Monday, August 25, 2008

I've requit

After the horrible debockle of this weekend I've come to a greater appreciation for how happy I was at my old job and so I have re-quit.   I'll be moving back to Karen's Team.  Karen's okay with it, Walt is okay with it, Kelly is okay with it, Erin is okay with it and I'll be happy again so I'll be okay with it.  I won't even miss the money. Every time I start to miss the money I'll remember the stress I no longer have and the ability to relax that I've regained and everything will be okay.

The moral of this story is that just because people think the bigger job with the more money and increased responsibilities is what you ought to do doesn't mean they are right. Just because they are trapped in a cycle of pointless careerism and are striving to do more doesn't mean I should also. Happiness and personal well being is more important to me than following the societal pressures to do stuff that causes me stress and makes me contemplate killing myself.

Yeah I thought about it in a sort of hap-hazard way. The stress is that bad.  Don't worry.  I'm okay now.  I'm taking care of the problem and will be alright.

Now I will hopefully have enough energy after work to get in better shape.  Maybe start dating again. Daydream. Write. Make Art.

Who Knows. The World is my oyster and I'm starting to get hungry again.

Friday, August 15, 2008

I've un-quit

My Boss talked me down off the ledge.  He's going to let me change my job around so I don't go crazy ... er. More insane. On the upside I'm not a quiter and I'll keep getting the awesome money and I get to rework my job so I feel better. I'm taking the weekend off and jetting to Indy for GenCon.

Hail Eris

Wednesday, August 13, 2008

Thats all I can take

Well I sorta quit today.

I called up my old boss and asked if she had a job opening. She did and told me to talk to my current boss and see if it was cool if I changed jobs. I talked to my current boss and told him I'm fried and that my old boss had a job opening. He told me that he'll need to work out some sort of deal with the old boss for support coverage but that he knew I'd been struggling to keep it together. He told me he hated to see me go and thanked me for my work. It is pretty much a sure thing that I'll get a job with my old boss.

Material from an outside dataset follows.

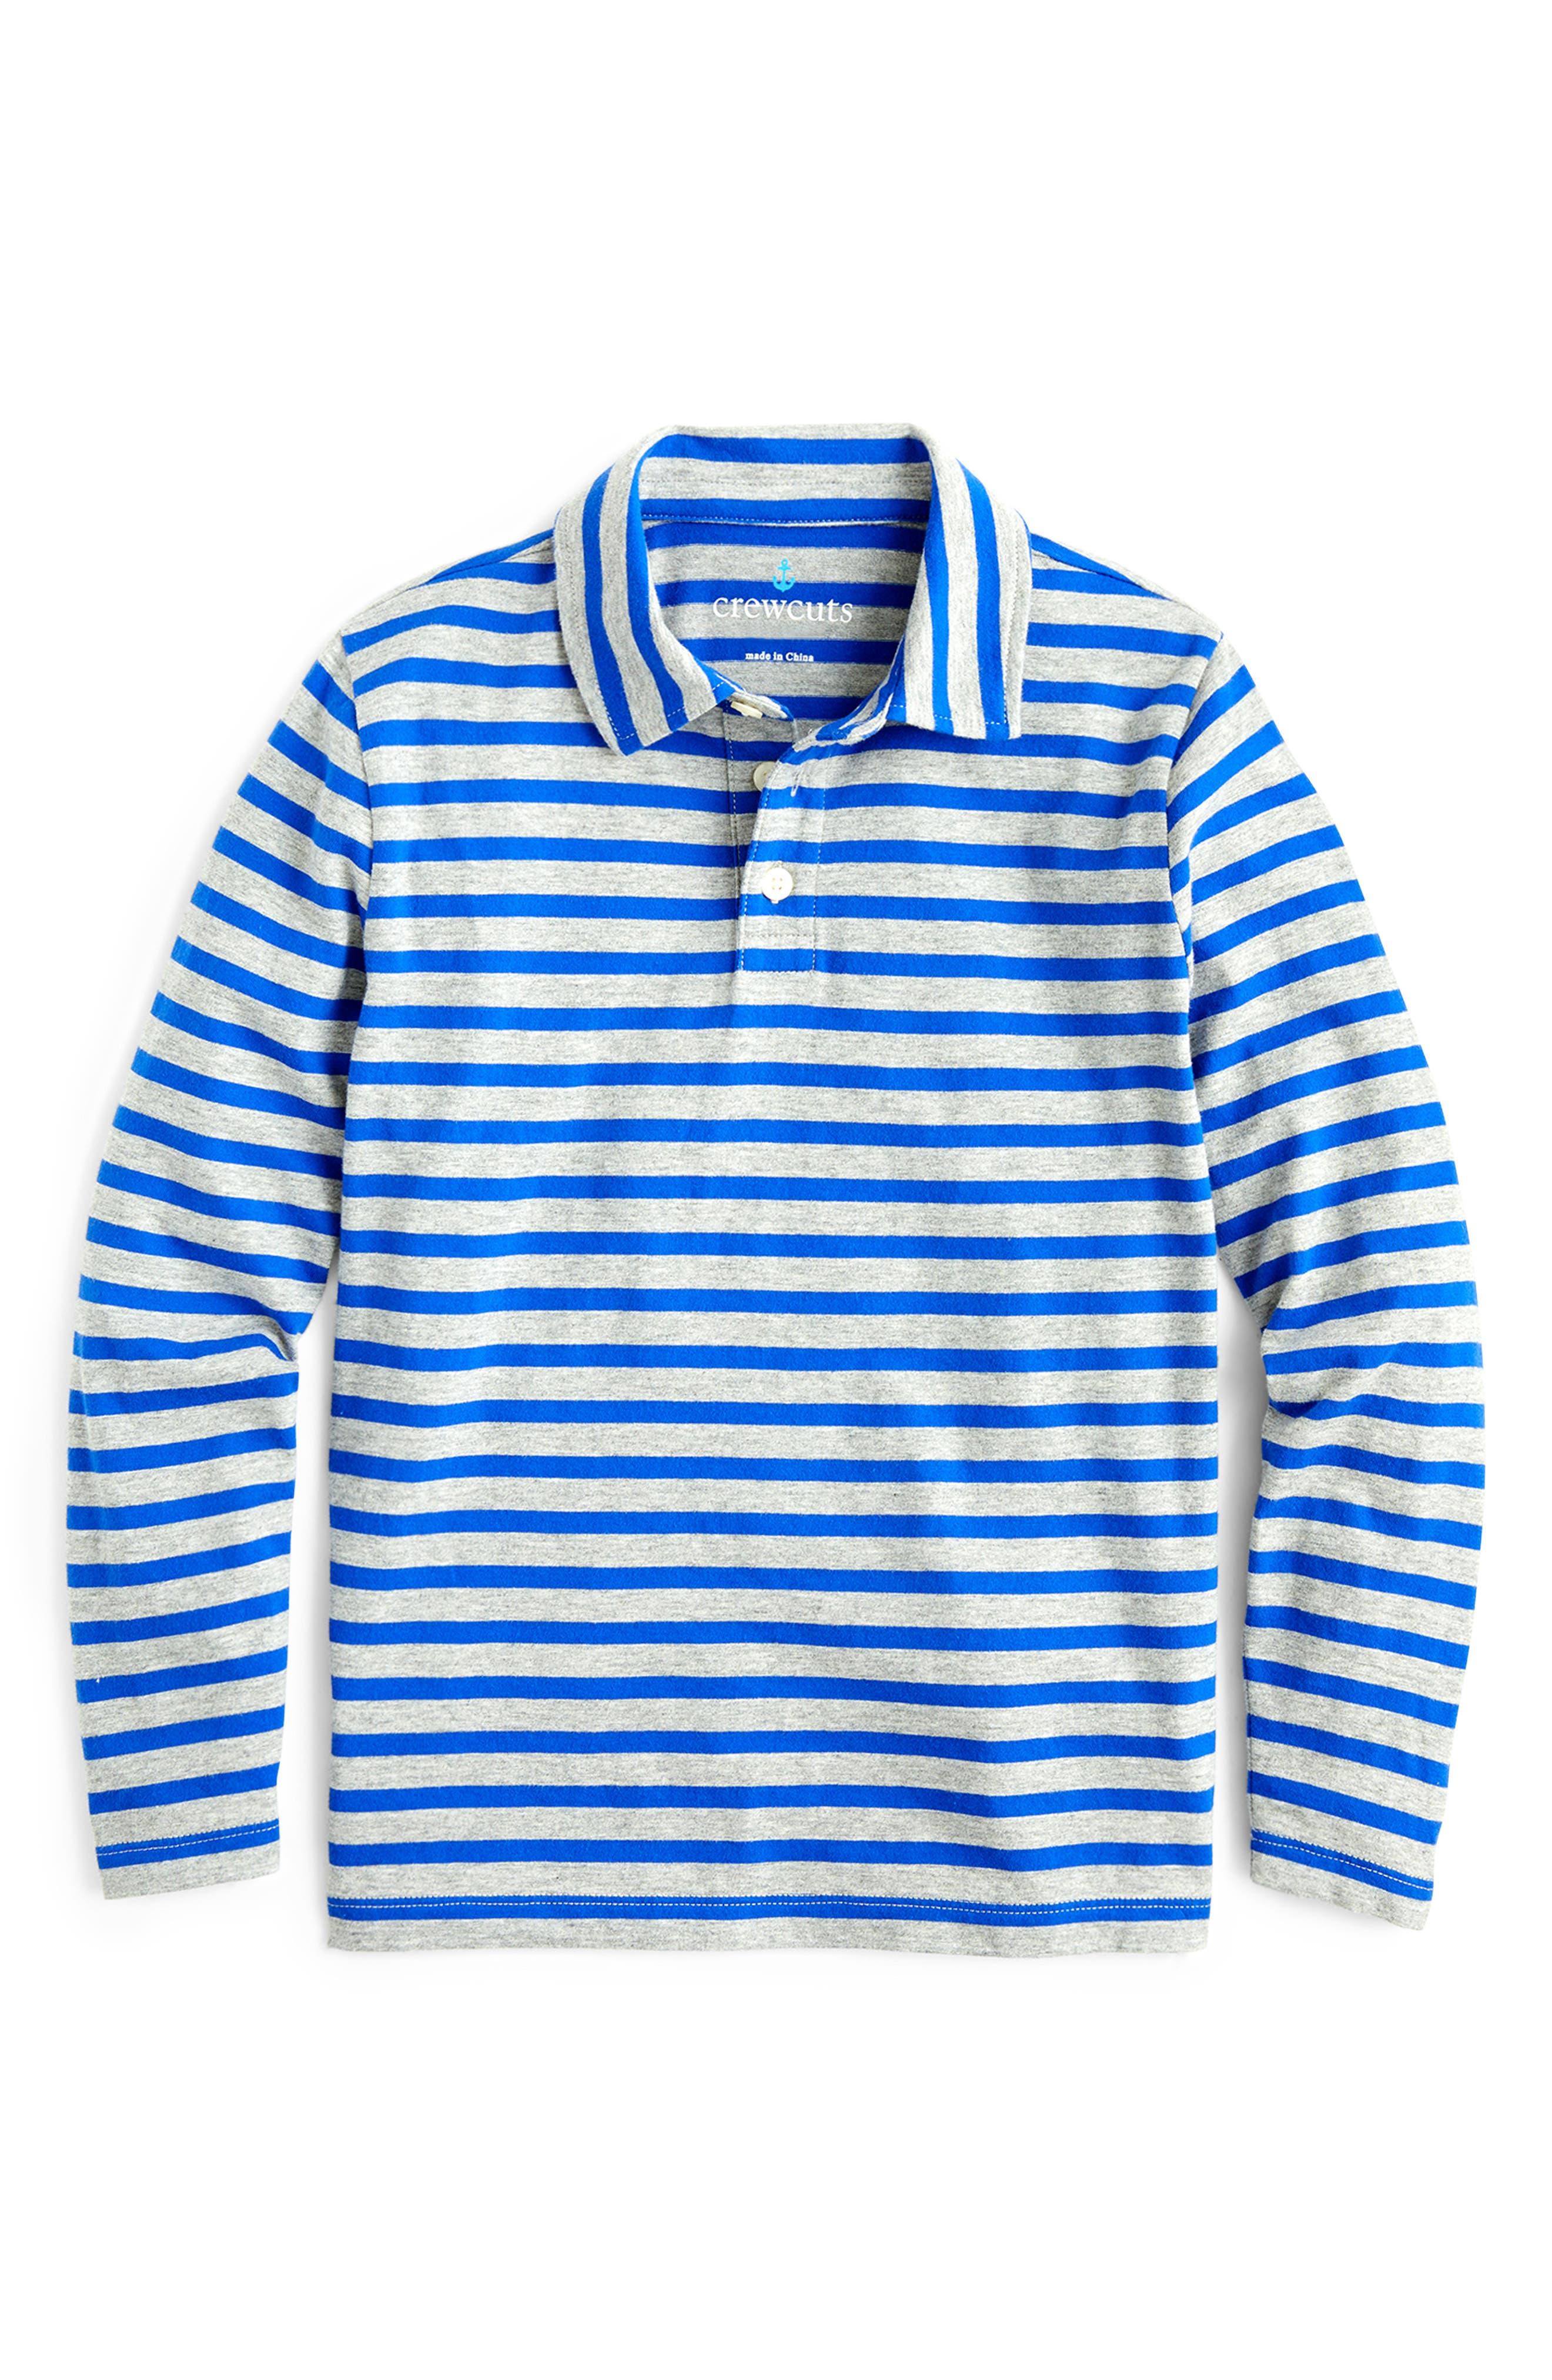 Boys Crewcuts By Jcrew Long Sleeve Stripe Polo Size 16  Blue

The pay loss is gonna be pretty bad. I also feel kinda crappy about not being able to cope but I think I was being asked to work to hard; not only for the pay but just personally.

However I'll only be doing 1 job for the money instead of 5. If you look at it by percentage then this is awesome. Mostly the reason I'm doing this is that I won't have the stress or the demand. 40 hours, 8 to 5 and not a bit more. The money is great for the job and the work is very easy. I'm depressed but i'll get over that and the first month of good sleep and I'll be great.

Hail Eris

Wednesday, August 6, 2008

London bridge isn't the only thing falling down

The housing market was in a slump until recently when the biggest mortgage financiers reported recorded losses and the market when from a slump to a flaming shit spiral. Freddie Mac and Fannie Mae; yes that is the name of the two largest governmentally backed mortgage companies, are actually worth negative money.  That means that if you sold everything they own off and fired everyone you'd still owe their creditors 5.8 billion dollars.

This along with the energy fucking nightmare ( crisis not being sufficient) suggests that the US is facing not just troubled times but a depression so massive that the the Great One we had 80 years ago will seem reasonable.

Greed and corruption plus short sighted good intentions and incompetent fumble fingered leadership is going to jettison our grand country into 3rd world status ripe for take over. Buy guns, ammo, and food folks.  We are in for a heck of a ride. Especially if a majority of Americans don't have skills that are independent on technology.

I'm glad I know how to raise and butcher animals.  I need to learn some basic farming.

This would be the entropy side of being a discordian.  The part that involves laughing as the system breaks down. Giggling as the law and order freaks watch the tatters of their civilization shred themselves because of mismanagement and abuse. Playing while everyone who can't change and adapt cries "why me" and doesn't do anything. Smiling a mirthless self-satisfied smile as balance reassert itself.  We are coming to a time when we have to change, adapt and overcome our ignorances and pride.

Hail Eris!

I'm burnt

I am once again burnt out on work.  I just don't have the impetus to get anything but the most trivial of chores done. Right now all I want to do is react to problems instead of working on any projects. ::sigh::

Once I get this major project done I can take a vacation. ... so that I can leave this mess and have it still be here and worse when I get back.  It's like I live in a house with a bunch of other people and they have no responsibility to keep the house clean but I do.  They'll get angry at me if i don't do the dishes while they are busy dirtying dishware.